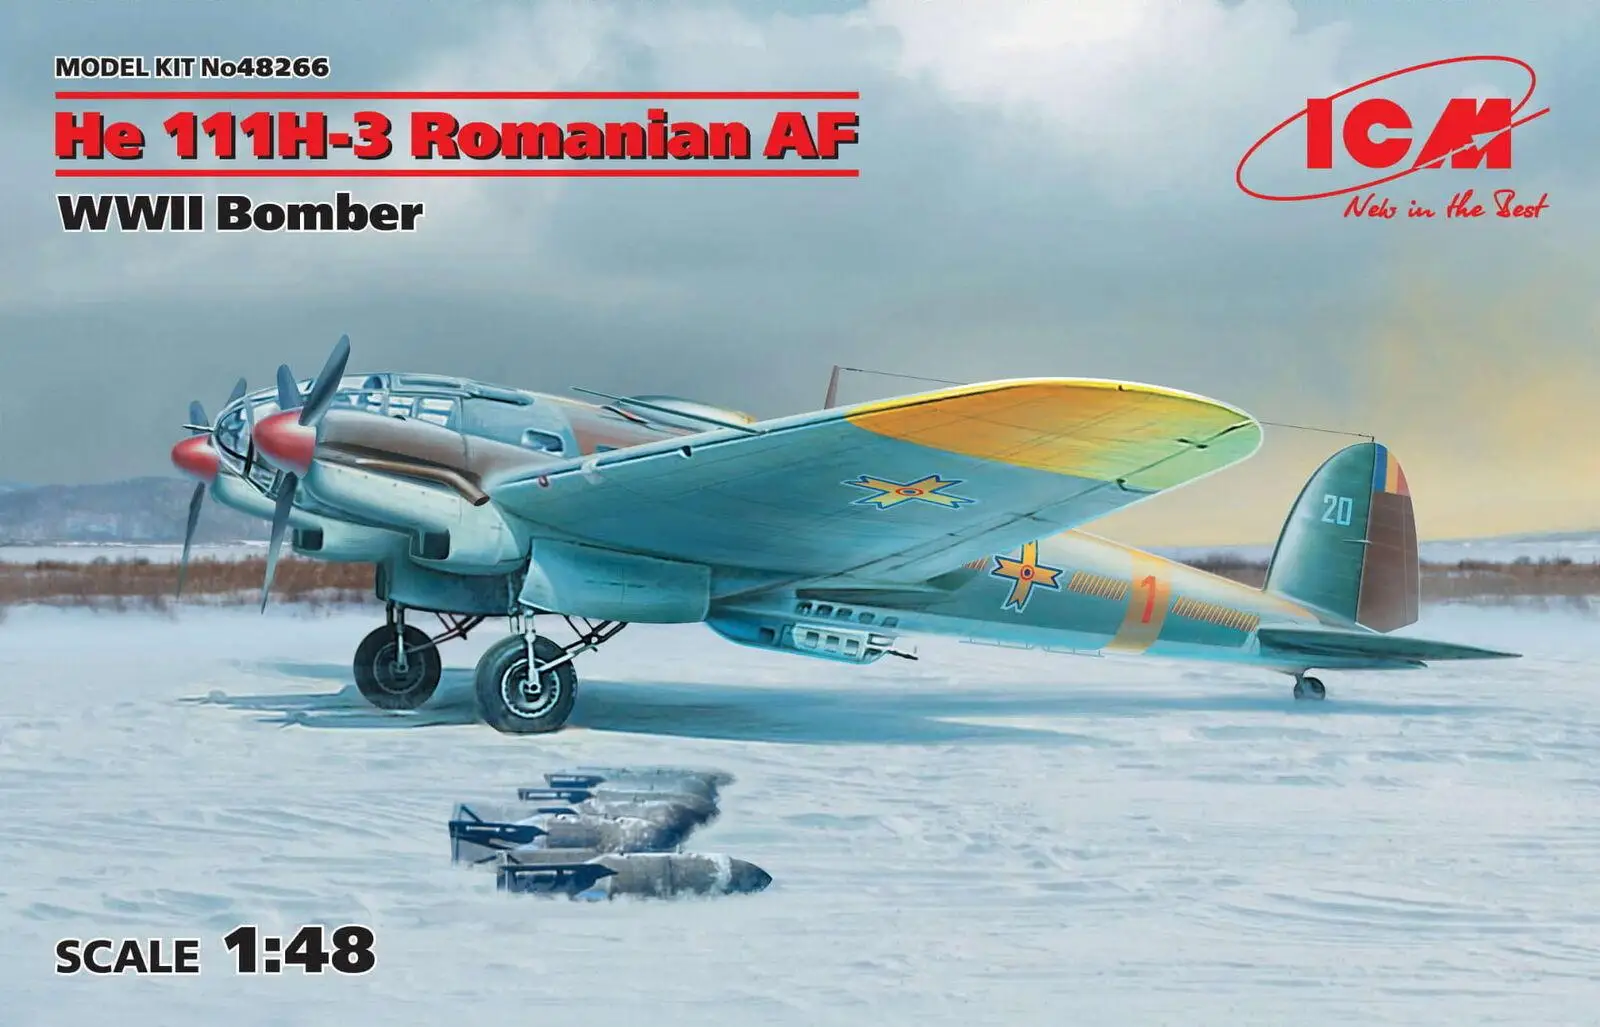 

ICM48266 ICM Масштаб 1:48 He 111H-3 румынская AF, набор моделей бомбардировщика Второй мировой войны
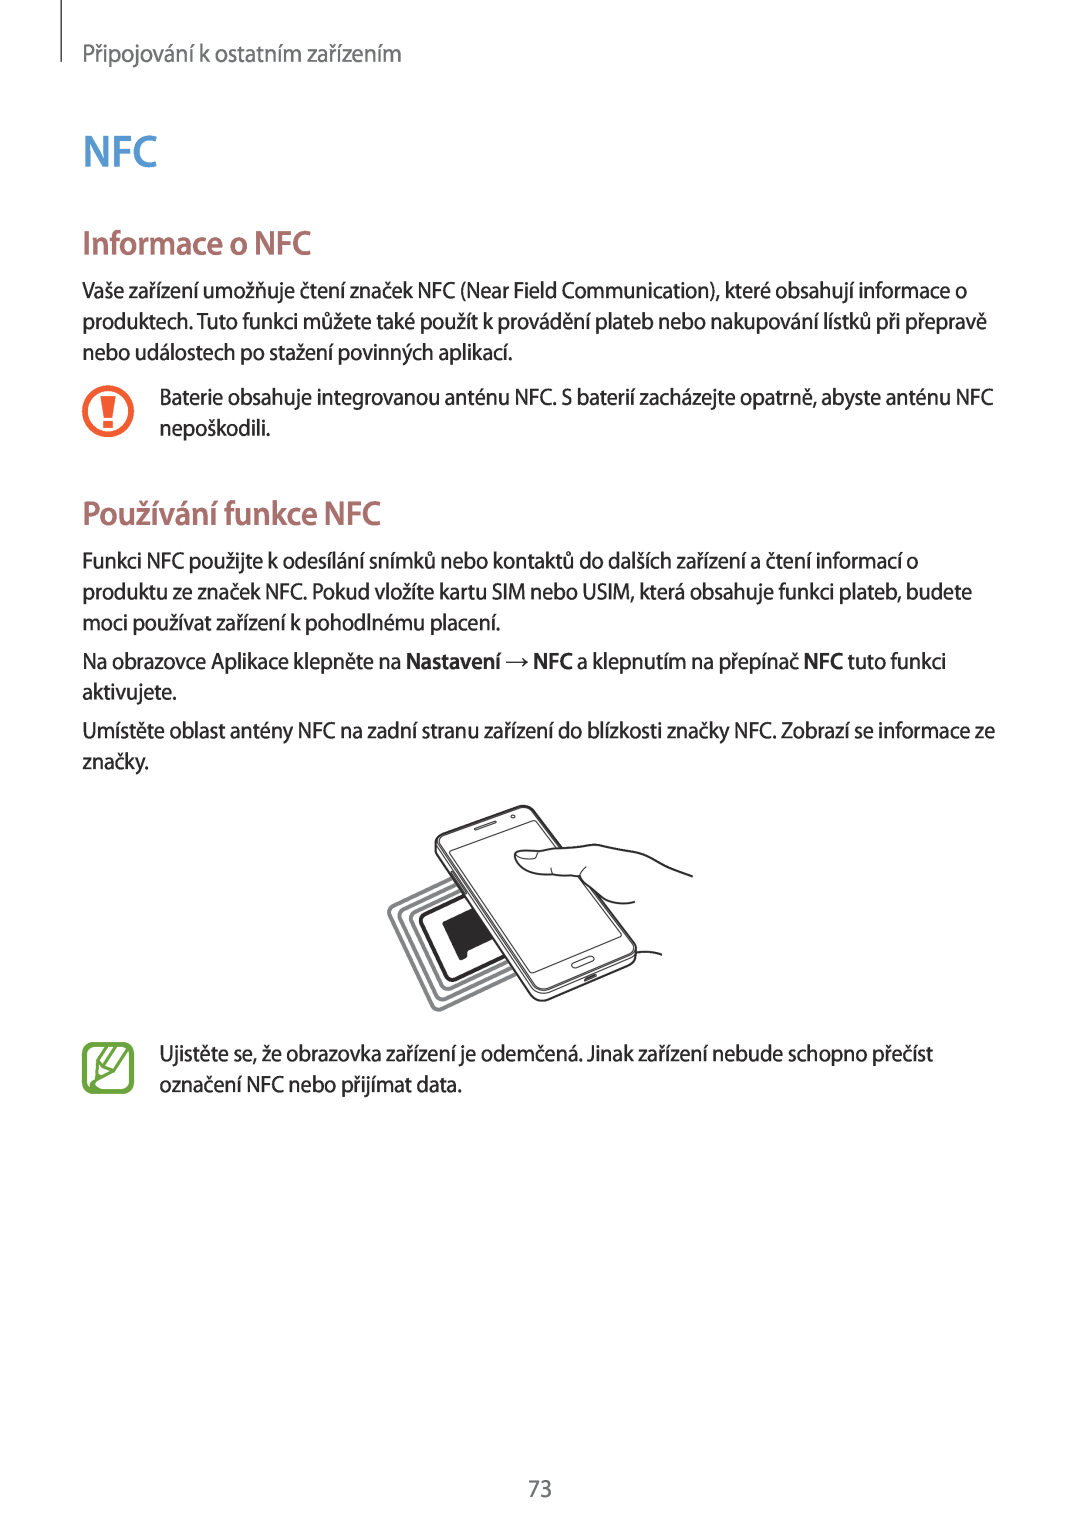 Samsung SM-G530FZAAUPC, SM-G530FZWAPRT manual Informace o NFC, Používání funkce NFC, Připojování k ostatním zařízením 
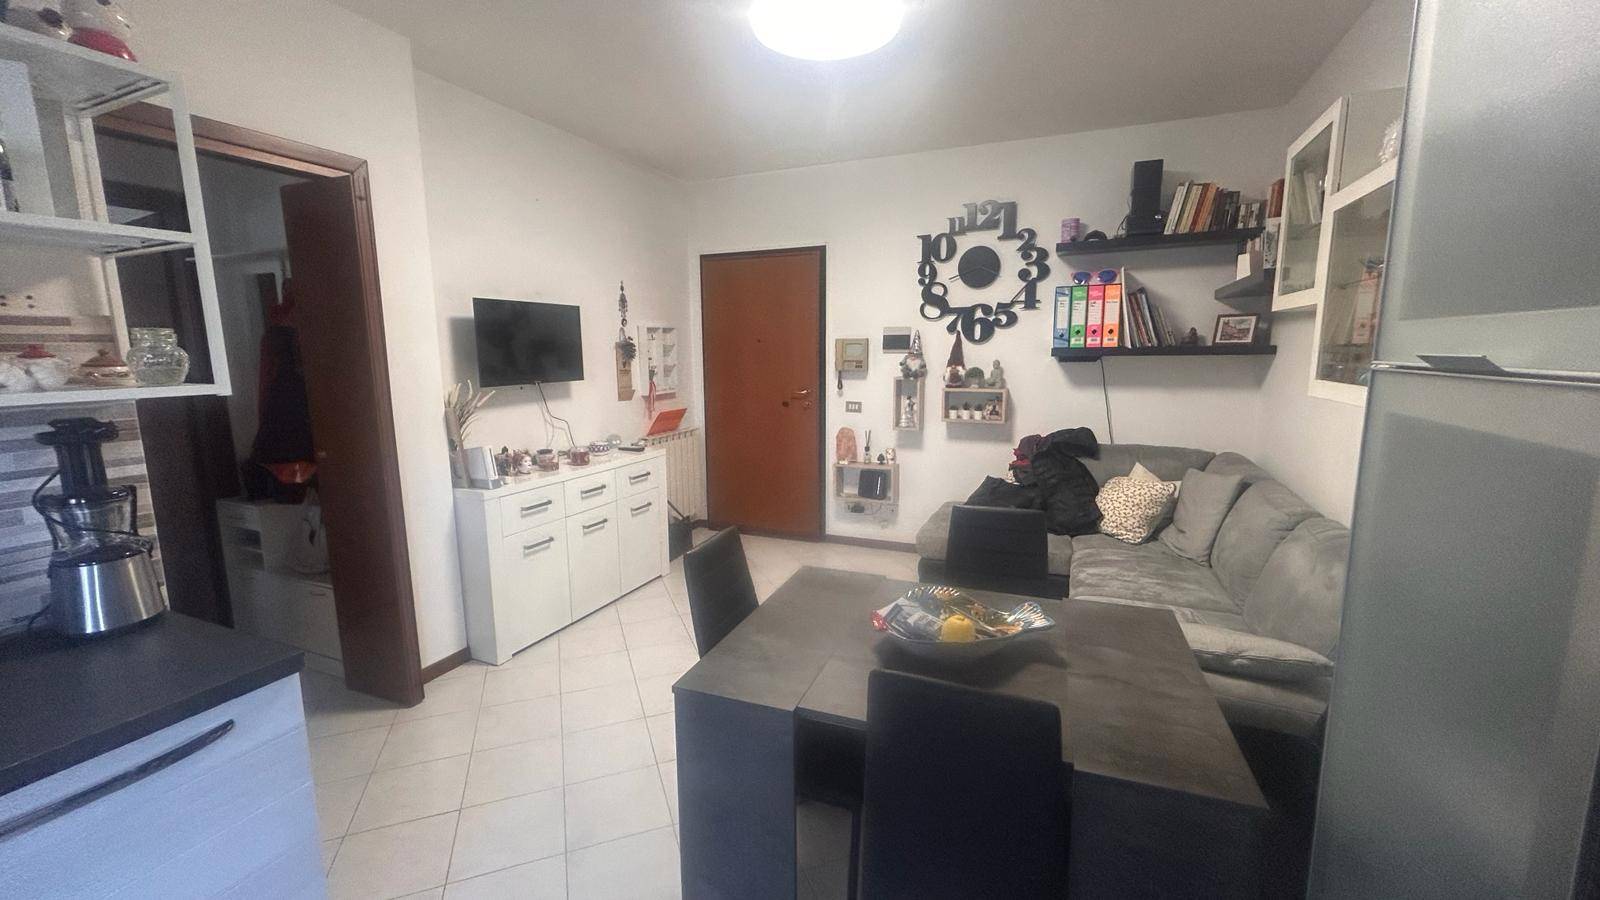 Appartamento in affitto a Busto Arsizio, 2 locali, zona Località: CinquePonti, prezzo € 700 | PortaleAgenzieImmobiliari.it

★ ★ ★ ★ ★ ★ ★

> Exercise goal
Return the material exactly as given above, picture-free.

> Result of the exercise
ICM48266 ICM Масштаб 1:48 He 111H-3 румынская AF, набор моделей бомбардировщика Второй мировой войны
 Samsung SM-G530FZAAUPC, SM-G530FZWAPRT manual Informace o NFC, Používání funkce NFC, Připojování k ostatním zařízením 
 Appartamento in affitto a Busto Arsizio, 2 locali, zona Località: CinquePonti, prezzo € 700 | PortaleAgenzieImmobiliari.it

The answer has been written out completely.